# Change in schedule?



## ricearoni (Jul 9, 2022)

Hi, so I’m a new employee (started a month ago) and I have a question. I am in an inbound sorting position. My scheduled start time is ALWAYS 6am because that’s when truck unload starts at my store. This coming week the schedule is pretty normal and all my start times are 6am. The next week though the schedule changed after I left yesterday and all the start times are 7am… my coworker had to talk with our ETL yesterday because of a scheduling issue they had so I assumed one of my days would be swapped which I expected but I didn’t expect the sudden change in start time. Is this normal? I just don’t see why they would change it when unload is already started at 7am. Could this mean they’re letting me go? I didn’t do anything but I’m so worried that it means they don’t want to keep me.


----------



## happygoth (Jul 9, 2022)

ricearoni said:


> Hi, so I’m a new employee (started a month ago) and I have a question. I am in an inbound sorting position. My scheduled start time is ALWAYS 6am because that’s when truck unload starts at my store. This coming week the schedule is pretty normal and all my start times are 6am. The next week though the schedule changed after I left yesterday and all the start times are 7am… my coworker had to talk with our ETL yesterday because of a scheduling issue they had so I assumed one of my days would be swapped which I expected but I didn’t expect the sudden change in start time. Is this normal? I just don’t see why they would change it when unload is already started at 7am. Could this mean they’re letting me go? I didn’t do anything but I’m so worried that it means they don’t want to keep me.


I'm guessing the need to cut hours.


----------



## Dream Baby (Jul 9, 2022)

happygoth said:


> I'm guessing the need to cut hours.


Our store does this all the time regardless whether you start in the morning or afternoons.

They would rather you come in later than leave earlier.

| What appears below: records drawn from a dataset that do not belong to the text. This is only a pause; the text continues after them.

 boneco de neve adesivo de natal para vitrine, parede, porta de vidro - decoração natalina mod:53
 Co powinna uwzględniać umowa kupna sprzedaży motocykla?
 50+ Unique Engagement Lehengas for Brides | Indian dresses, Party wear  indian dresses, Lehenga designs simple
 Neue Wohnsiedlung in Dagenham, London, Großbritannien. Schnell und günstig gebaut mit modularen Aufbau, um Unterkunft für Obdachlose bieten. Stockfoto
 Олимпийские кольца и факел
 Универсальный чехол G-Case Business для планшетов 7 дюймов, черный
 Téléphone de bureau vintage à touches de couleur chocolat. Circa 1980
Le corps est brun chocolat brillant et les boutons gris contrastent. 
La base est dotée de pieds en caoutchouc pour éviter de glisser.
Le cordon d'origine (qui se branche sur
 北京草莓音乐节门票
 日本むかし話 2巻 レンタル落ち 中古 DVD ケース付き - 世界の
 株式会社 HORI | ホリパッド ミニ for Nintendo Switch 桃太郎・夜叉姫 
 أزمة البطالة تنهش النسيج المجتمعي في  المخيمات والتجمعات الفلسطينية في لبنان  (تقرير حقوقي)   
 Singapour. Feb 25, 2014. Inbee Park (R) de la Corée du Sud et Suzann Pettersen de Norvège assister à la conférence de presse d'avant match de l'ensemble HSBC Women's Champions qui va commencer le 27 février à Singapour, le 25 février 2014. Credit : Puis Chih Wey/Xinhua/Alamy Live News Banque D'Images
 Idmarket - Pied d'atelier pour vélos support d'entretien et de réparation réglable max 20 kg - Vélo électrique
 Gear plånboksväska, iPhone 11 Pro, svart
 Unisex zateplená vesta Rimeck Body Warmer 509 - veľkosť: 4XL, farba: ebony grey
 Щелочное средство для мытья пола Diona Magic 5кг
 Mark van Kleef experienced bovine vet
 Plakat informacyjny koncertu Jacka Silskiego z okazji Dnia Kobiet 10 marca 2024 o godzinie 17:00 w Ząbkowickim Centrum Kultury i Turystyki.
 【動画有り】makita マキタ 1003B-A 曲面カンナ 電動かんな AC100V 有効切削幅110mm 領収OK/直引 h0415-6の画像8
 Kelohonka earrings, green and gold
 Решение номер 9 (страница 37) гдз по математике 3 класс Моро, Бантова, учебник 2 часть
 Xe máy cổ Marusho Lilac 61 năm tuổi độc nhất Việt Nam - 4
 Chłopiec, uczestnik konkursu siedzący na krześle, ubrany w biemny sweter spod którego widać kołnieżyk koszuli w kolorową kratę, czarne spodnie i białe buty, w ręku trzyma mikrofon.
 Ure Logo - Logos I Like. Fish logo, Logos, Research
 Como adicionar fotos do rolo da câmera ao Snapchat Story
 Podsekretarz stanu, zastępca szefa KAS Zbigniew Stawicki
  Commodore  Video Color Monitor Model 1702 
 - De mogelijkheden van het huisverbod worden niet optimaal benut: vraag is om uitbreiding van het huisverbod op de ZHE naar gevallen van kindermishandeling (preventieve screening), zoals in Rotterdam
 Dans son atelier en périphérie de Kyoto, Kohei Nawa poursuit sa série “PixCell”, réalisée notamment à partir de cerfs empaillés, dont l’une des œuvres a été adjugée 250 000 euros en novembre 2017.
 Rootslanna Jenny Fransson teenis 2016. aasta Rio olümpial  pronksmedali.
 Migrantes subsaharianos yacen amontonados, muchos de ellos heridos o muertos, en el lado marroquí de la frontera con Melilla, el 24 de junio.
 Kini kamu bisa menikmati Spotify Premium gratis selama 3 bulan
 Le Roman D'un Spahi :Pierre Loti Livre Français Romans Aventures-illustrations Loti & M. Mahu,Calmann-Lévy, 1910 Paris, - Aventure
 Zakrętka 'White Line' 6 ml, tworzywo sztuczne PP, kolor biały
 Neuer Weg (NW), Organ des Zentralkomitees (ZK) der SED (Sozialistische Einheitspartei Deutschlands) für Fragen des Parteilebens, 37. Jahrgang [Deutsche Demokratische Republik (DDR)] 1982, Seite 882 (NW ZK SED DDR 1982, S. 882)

IMHO TMs would rather have the same start time usually then come in later.


----------



## smarthuddle (Jul 9, 2022)

Dream Baby said:


> Our store does this all the time regardless whether you start in the morning or afternoons.
> 
> They would rather you come in later than leave earlier.
> 
> IMHO TMs would rather have the same start time usually then come in later.


What matters is the need of TM during guest traffic times so they’ll likely never schedule you to leave earlier


----------